2019年6月1日より、KDDIはauブランドの携帯電話事業で新しい料金プランの提供を開始した。改めてこれらの料金プランの特徴を説明するとともに、NTTドコモの新料金プランとの違いや、どういった人がプラン変更すべきかなどについて確認していきたい。

■ライト・ミドル・ヘビーユーザーに向けた3つのプラン

auが新たに用意したのは「新auピタットプラン」「auフラットプラン7プラス」「auデータMAXプラン」の3つ。auデータMAXプランは2019年夏の提供開始予定で、それ以外のプランは2019年6月1日から提供されている。

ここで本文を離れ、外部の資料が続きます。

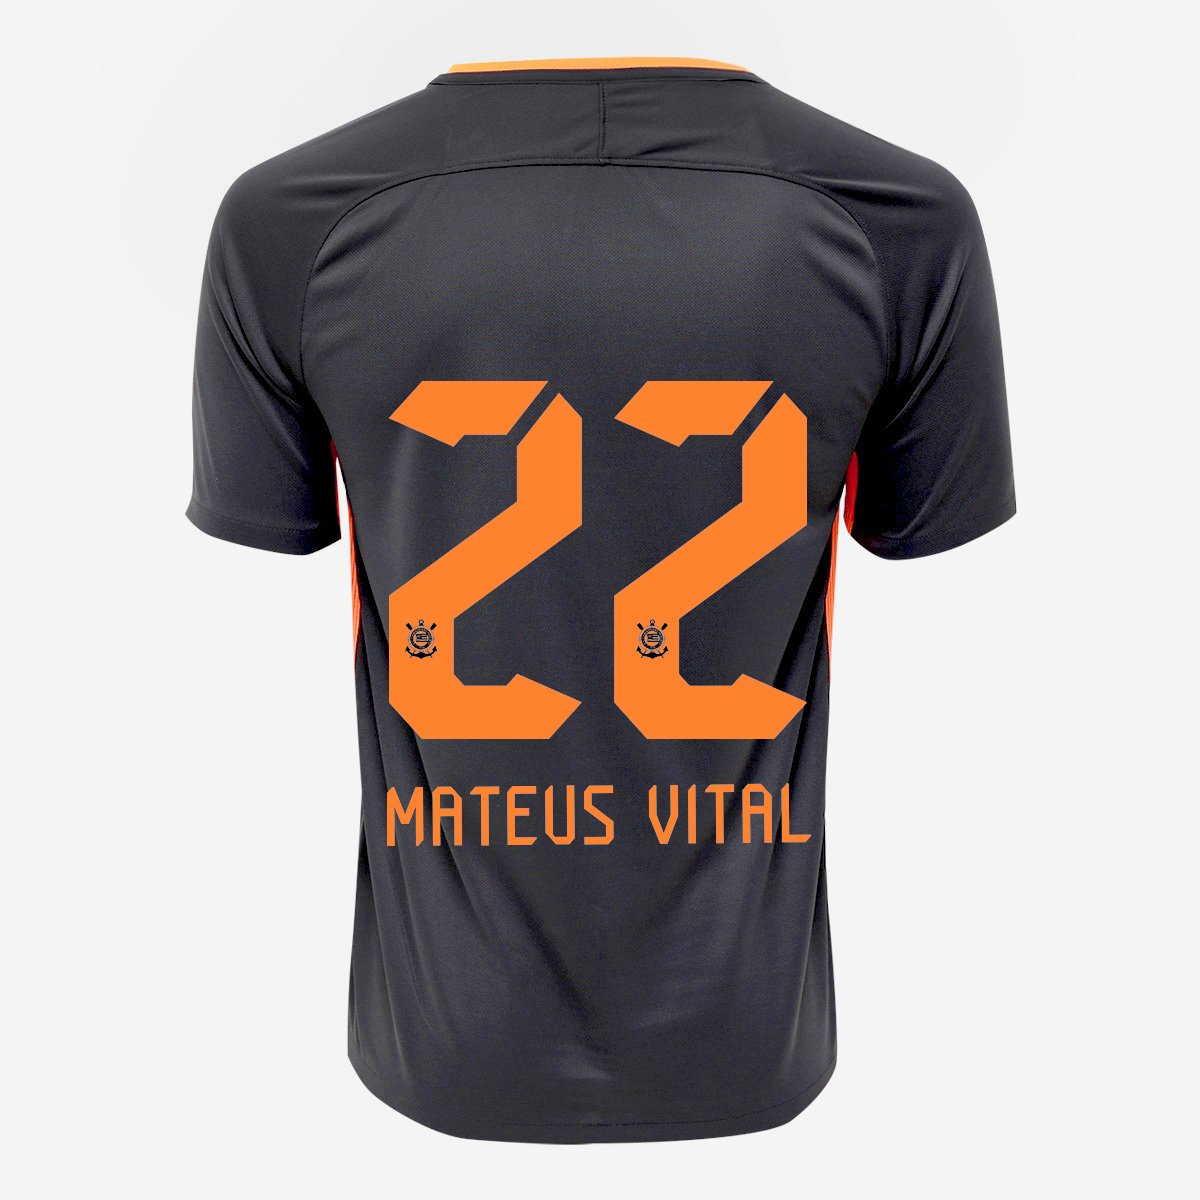 Camisa Corinthians III 17 18 nº 22 Mateus Vital - Torcedor Nike Masculina -  Compre Agora  bec58c7b0d07b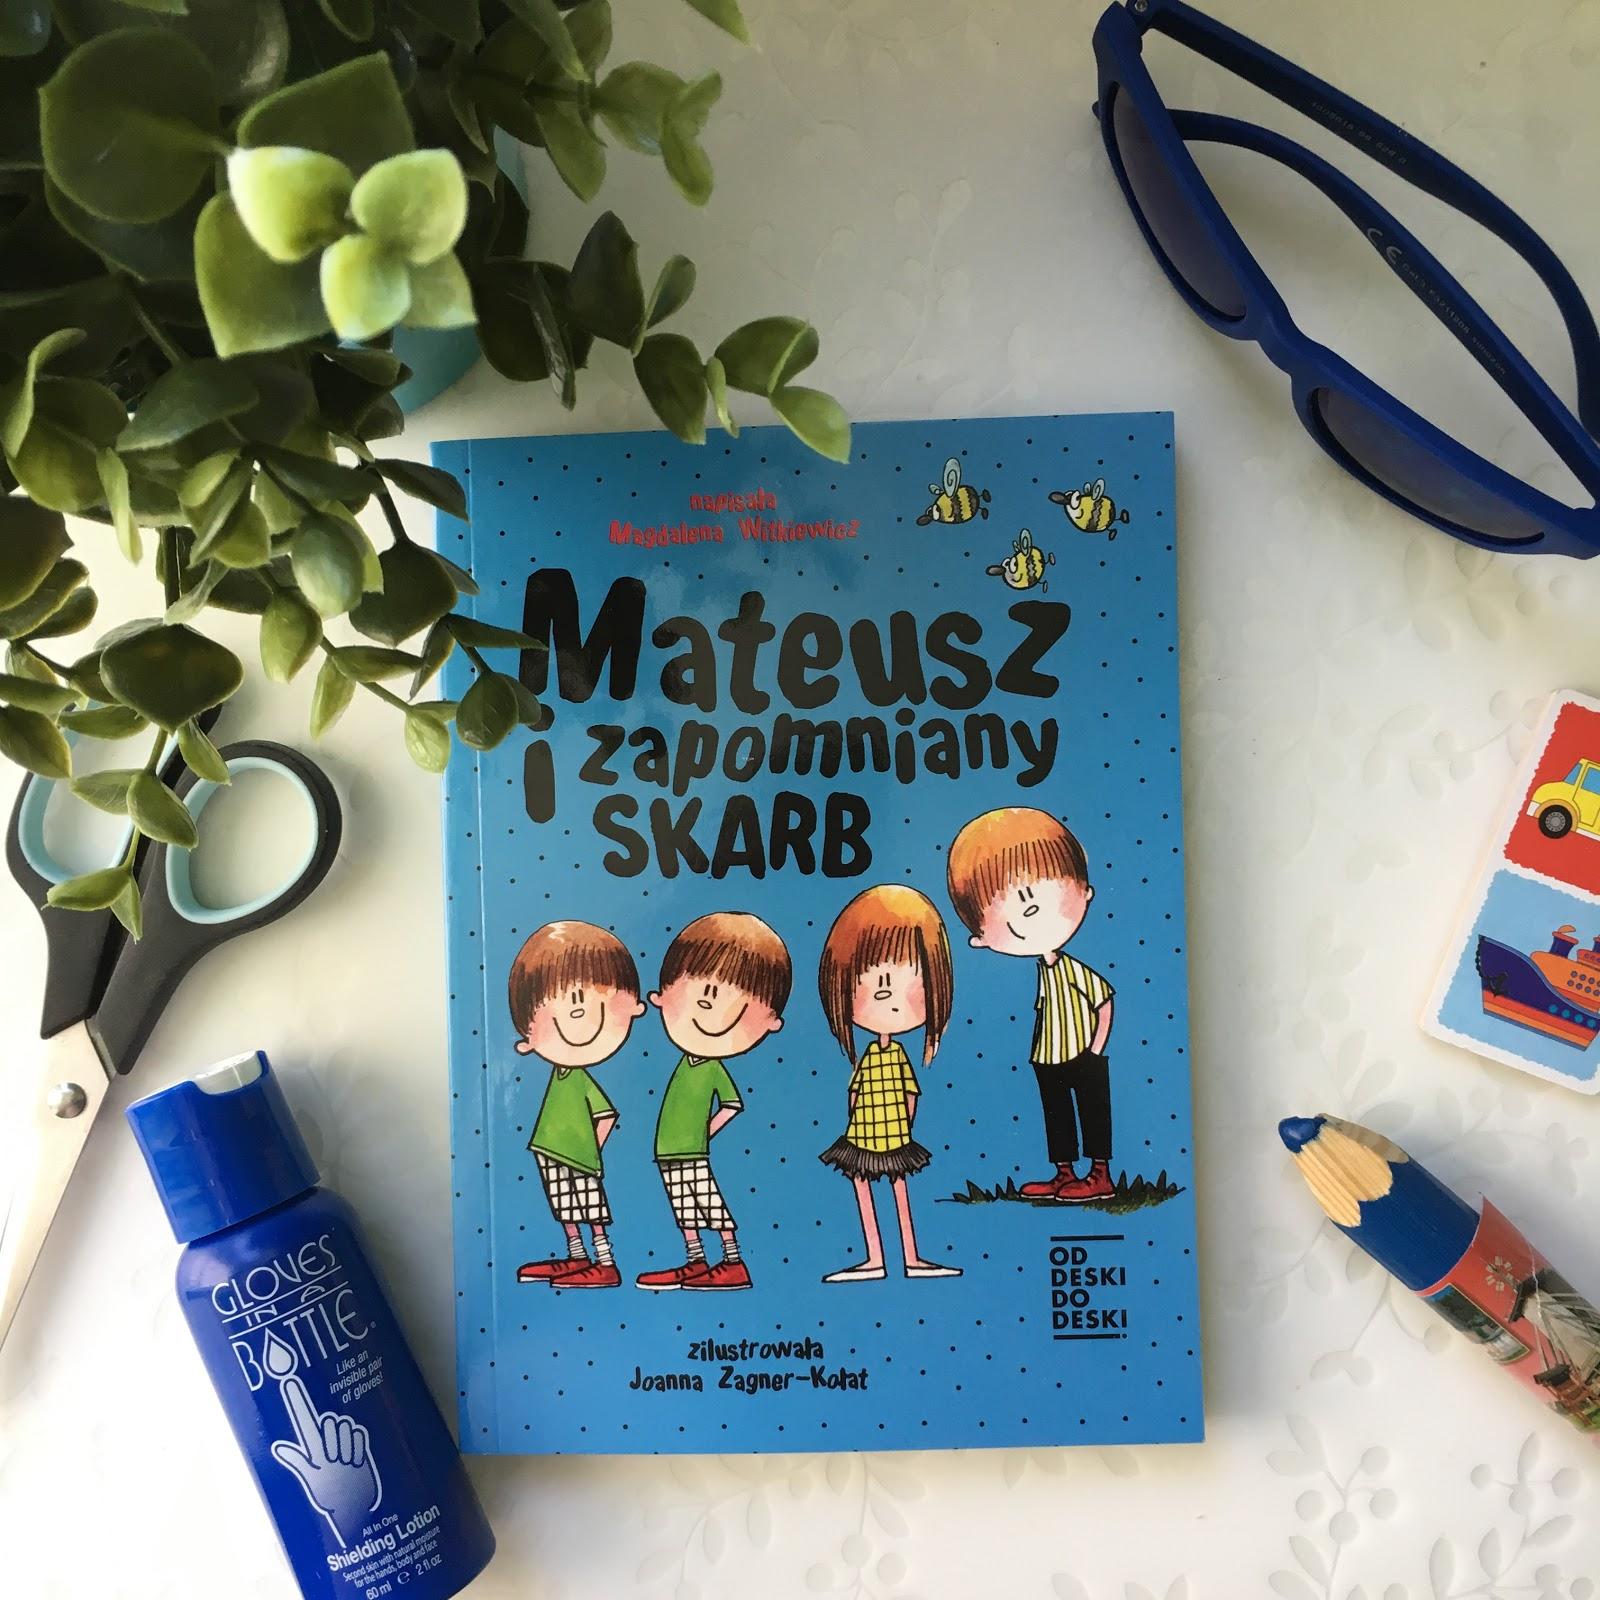 Moje wrażenia, na temat najnowszej książki Magdaleny Witkiewicz, tym razem dla dzieci, Mateusz i zapomniany skarb, która miała premierę 23.05.2018.

これらの料金プランはNTTドコモの新料金プランの「ギガホ」「ギガライト」などと同様、通信料金と端末代金を明確に分けた「分離プラン」で、なおかつ基本料金やデータ通信などの料金をセットにし、選びやすい仕組みが採られている。だがKDDIは大手3社の中で2017年の「auピタットプラン」「auフラットプラン」でいち早く分離プランを導入しており、今回も分離プランの仕組み自体は従来と大きく変わらない。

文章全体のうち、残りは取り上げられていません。